While designing the pipeline, we were not aimed at a high benchmark score, but rather at good reproducibility on production data and low inference time with high-resolution input images. Our pipeline has successfully achieved 11 FPS for 1024×1024 image size per frame without batch processing and 26 FPS with it.

We have also conducted some experiments using domain adaptation (Ganin &. Lempitsky, Unsupervised Domain Adaptation by Backpropagation, 2015) with synthetic data as source domain and security camera shots as target domain. This approach gave us results similar to those from a simple model, with the only significant increase being that in training time.

Production/Deployment/Platform

Our solution is hosted on the Neu.ro platform. This is an MLOps tool that allows for convenient and scalable model development and deployment in all conventional cloud services, e.g., AWS, GCP, Azure.
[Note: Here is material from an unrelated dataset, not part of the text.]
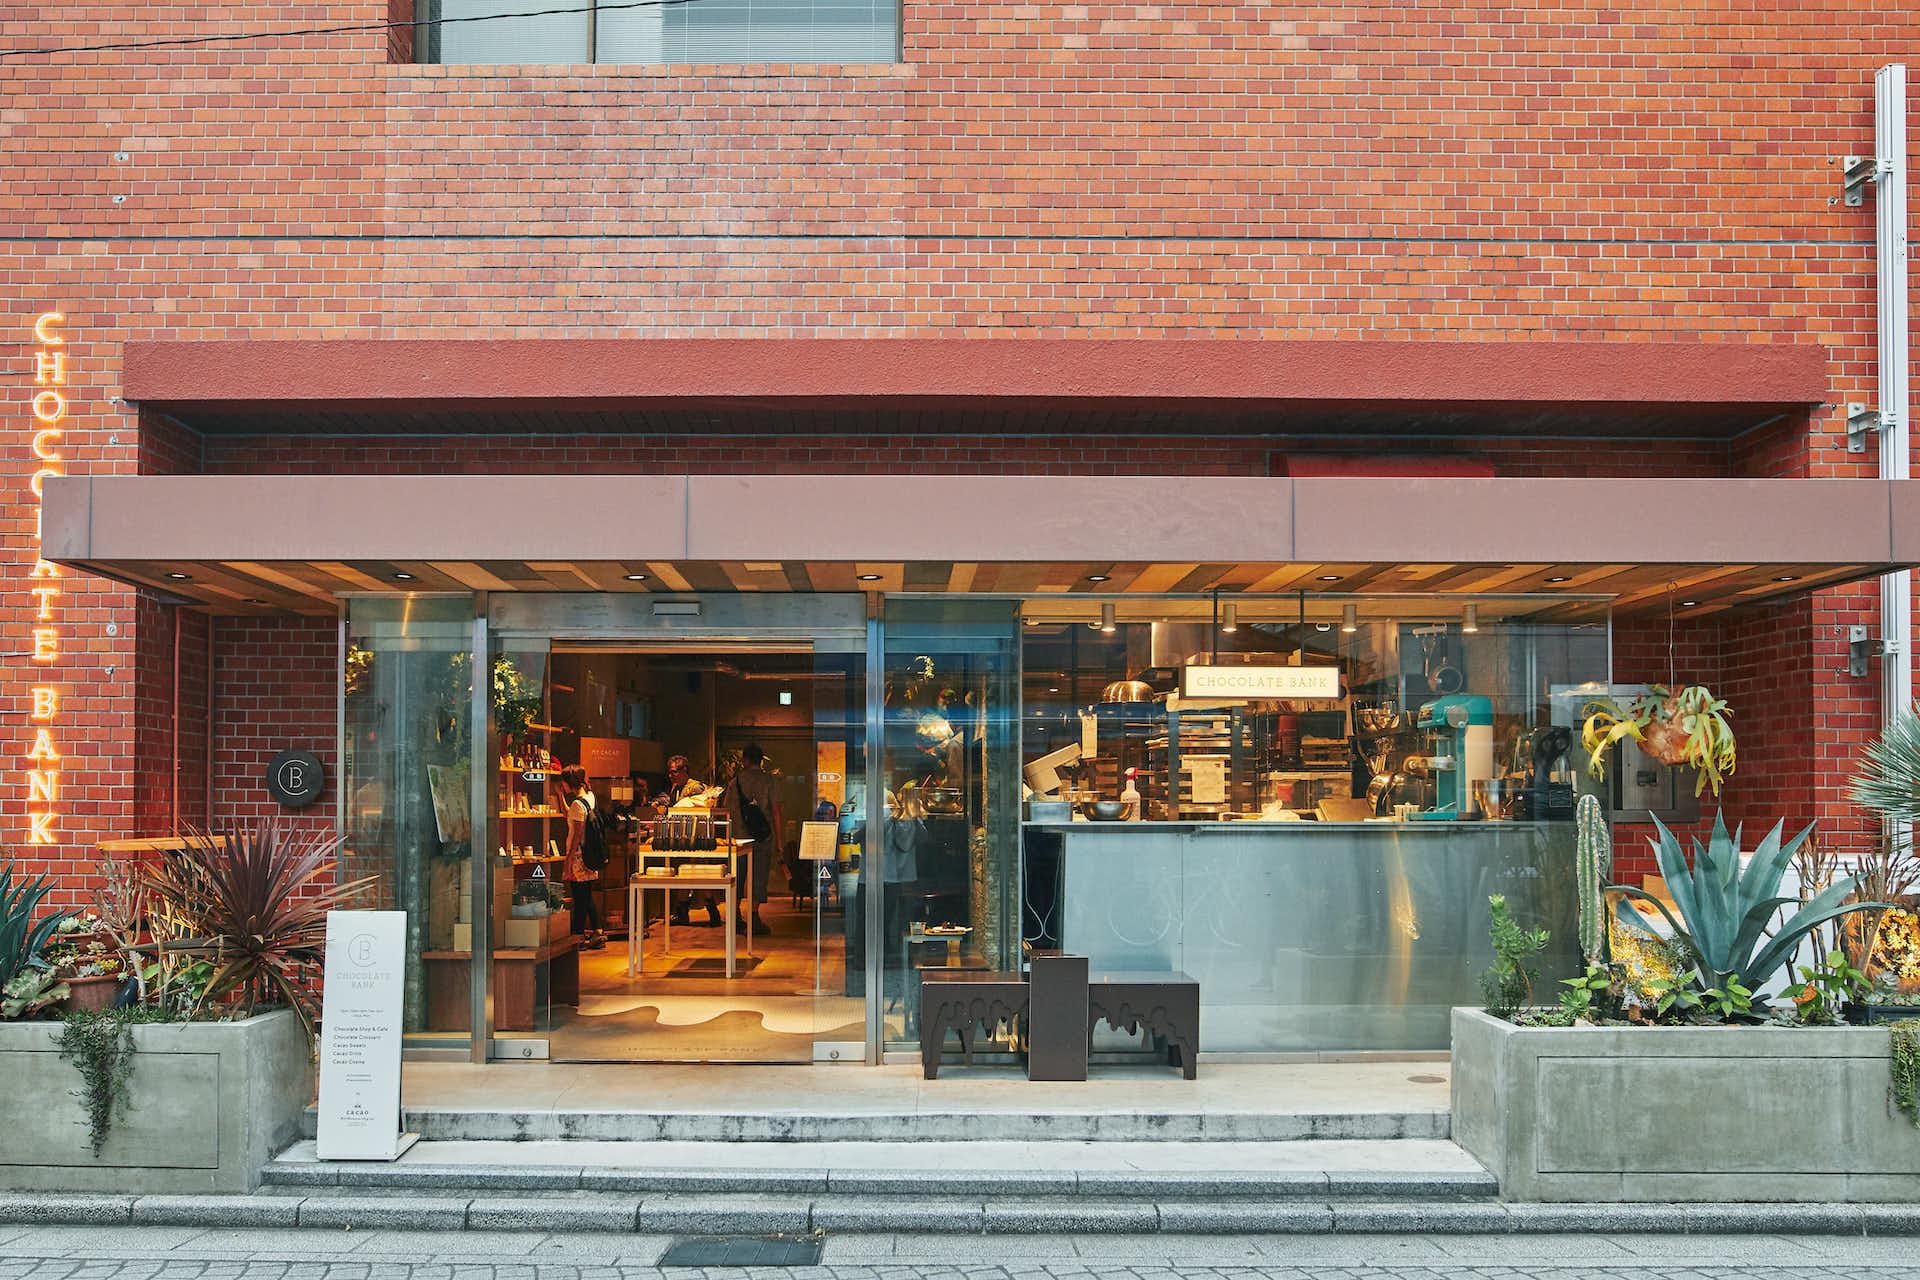 鎌倉のアロマ生チョコレート専門店「CHOCOLATE BANK」に限定の生ガトーショコラが登場! gourmet210730_maisoncacao_2
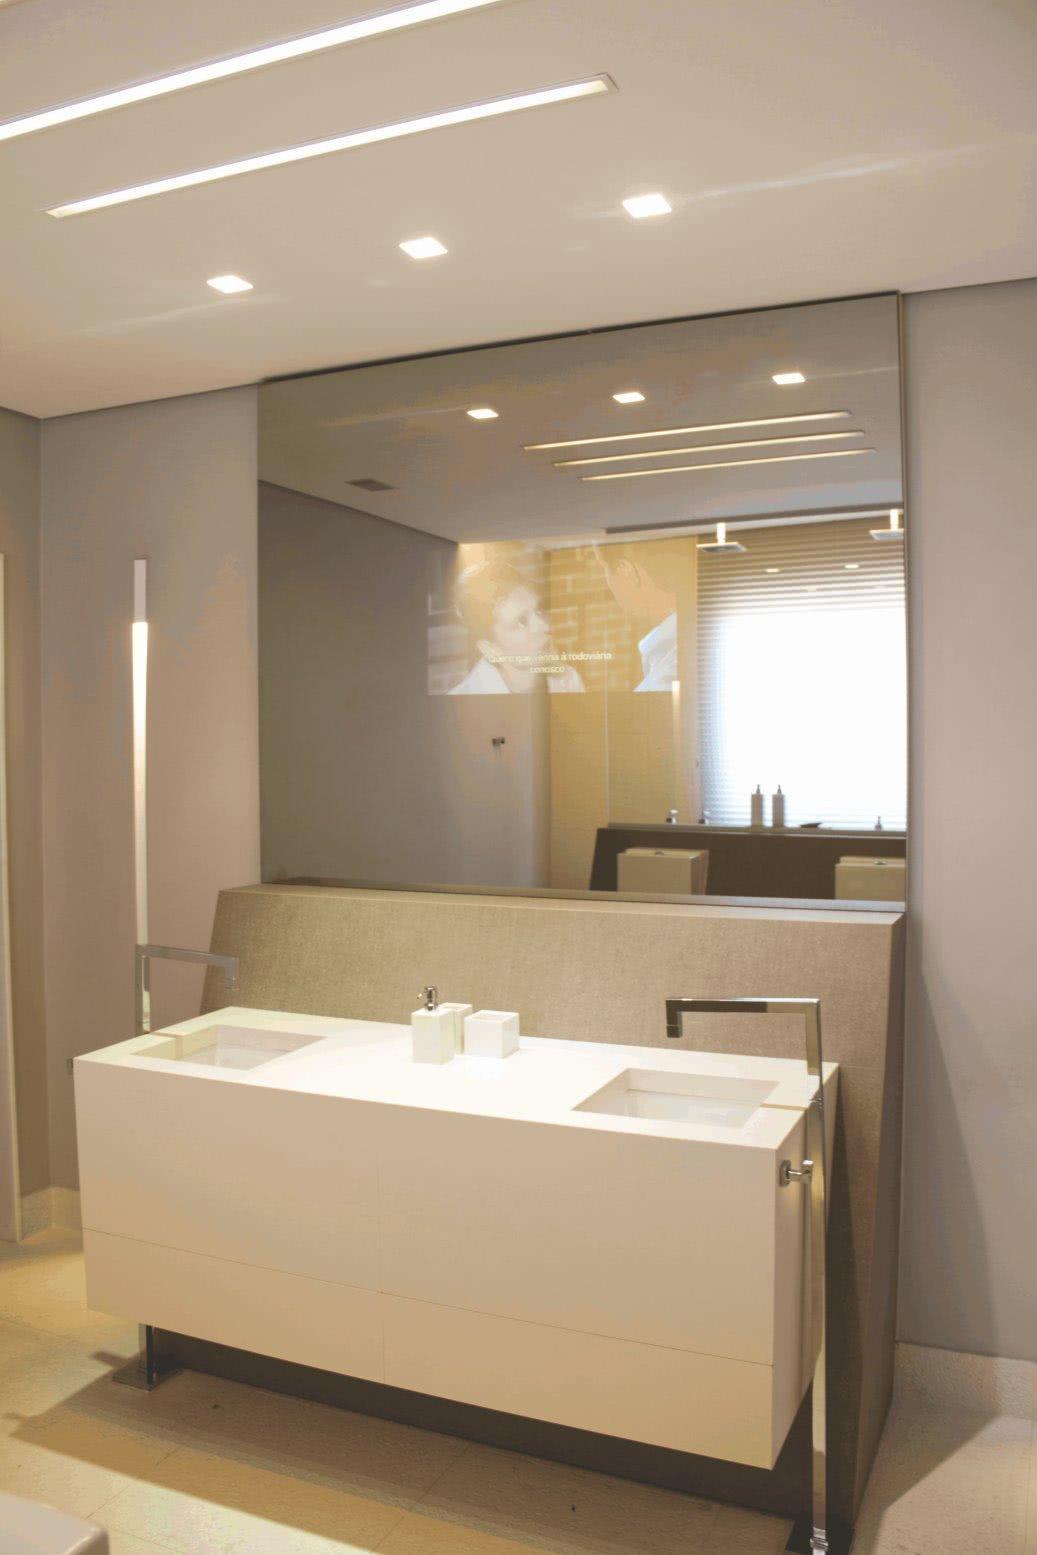 22 – Televisão embutida na parte central em espelho de banheiro #896C42 1037x1555 Banheiro Com Banheira E Tv

The platform consists of two parts:

  • Neu.ro Core is a resource orchestrator. It can be installed in a cloud or on-premise and combines computation capabilities, storage, and environments (Docker images) in one system with single sign-on authentication (SSO) and advanced permission management system.
  • Neu.ro Toolbox is a toolset integrator. It contains integrations with various open-source and commercial tools required for modern ML/AI development.


This is how we’ve set up the whole process:

  1. UI registers the RTSP camera streams.
  2. Grabber workers take snapshots from these streams and collect them to a cloud storage.
  3. Processor workers facilitate interaction between the storage, the model’s API, and the analyzer. They basically get predictions for all grabbed photos and send them further to the analyzer.
  4. The rest of the system triggers required events based on the model’s predictions (for example, notifies if there is a certain number of people without masks) and collects the corresponding statistics.

We use RabbitMQ for load balancing. Here’s a diagram that explains this in more detail:



Neu.ro provides highly tweakable presets that allow you to run jobs on even a fractional amount of cloud CPU. In our case, this functionality dramatically reduces the overall cost of uptime for the services. Particularly, we run all Grabber and Processor workers responsible for collecting and delivering the data to the detection API, on granular presets that use 20% of a single CPU unit.

Each worker is up with a single command, and the required amount of them can be replicated with a simple script of such kind:

for i in $(seq 1 $NUM_WORKERS); do
neuro run \\
–preset cpu-nano # Desired preset, e.g., with 0.2 CPU
–name worker-$i # Unique worker name
image:mask-detector-worker-image # Docker image of the worker
./app/run.py # Worker’s entrypoint
done

Results/Comparison

This article won’t be complete without the comparison of different approaches. 

Classification model

ROC AUCACCURACYPRECISIONRECALL
0.93780.95080.98630.9571

Detection model

mAPPRECISIONRECALL
0.9004030.910.85

We have achieved 93% classification accuracy on data from security street cameras. Our face detection model achieves 88% AP (while the original SotA RetinaFace has only 65% on the same data). In total, our pipeline has 73% mAP.

Here’s a good example of what our solution is capable of:

Conclusion

Getting into the issue of mask detection was quite a sobering and valuable experience. 

We were convinced that face detection in general is an extensively explored field, so finding a solution for a seemingly simple subset of face detection tasks would not require too deep of a delve. However, not finding a satisfactory solution even on the level of reliable face detection solutions, we realized that more work must be done on our side than initially expected. 

Exploring the field deeper, we were able to build a strong pipeline of face detection and classification to achieve some very decent results and compete with SotA performance. Having the Neu.ro platform at our disposal also helped at making the development and deployment processes as quick and convenient as possible.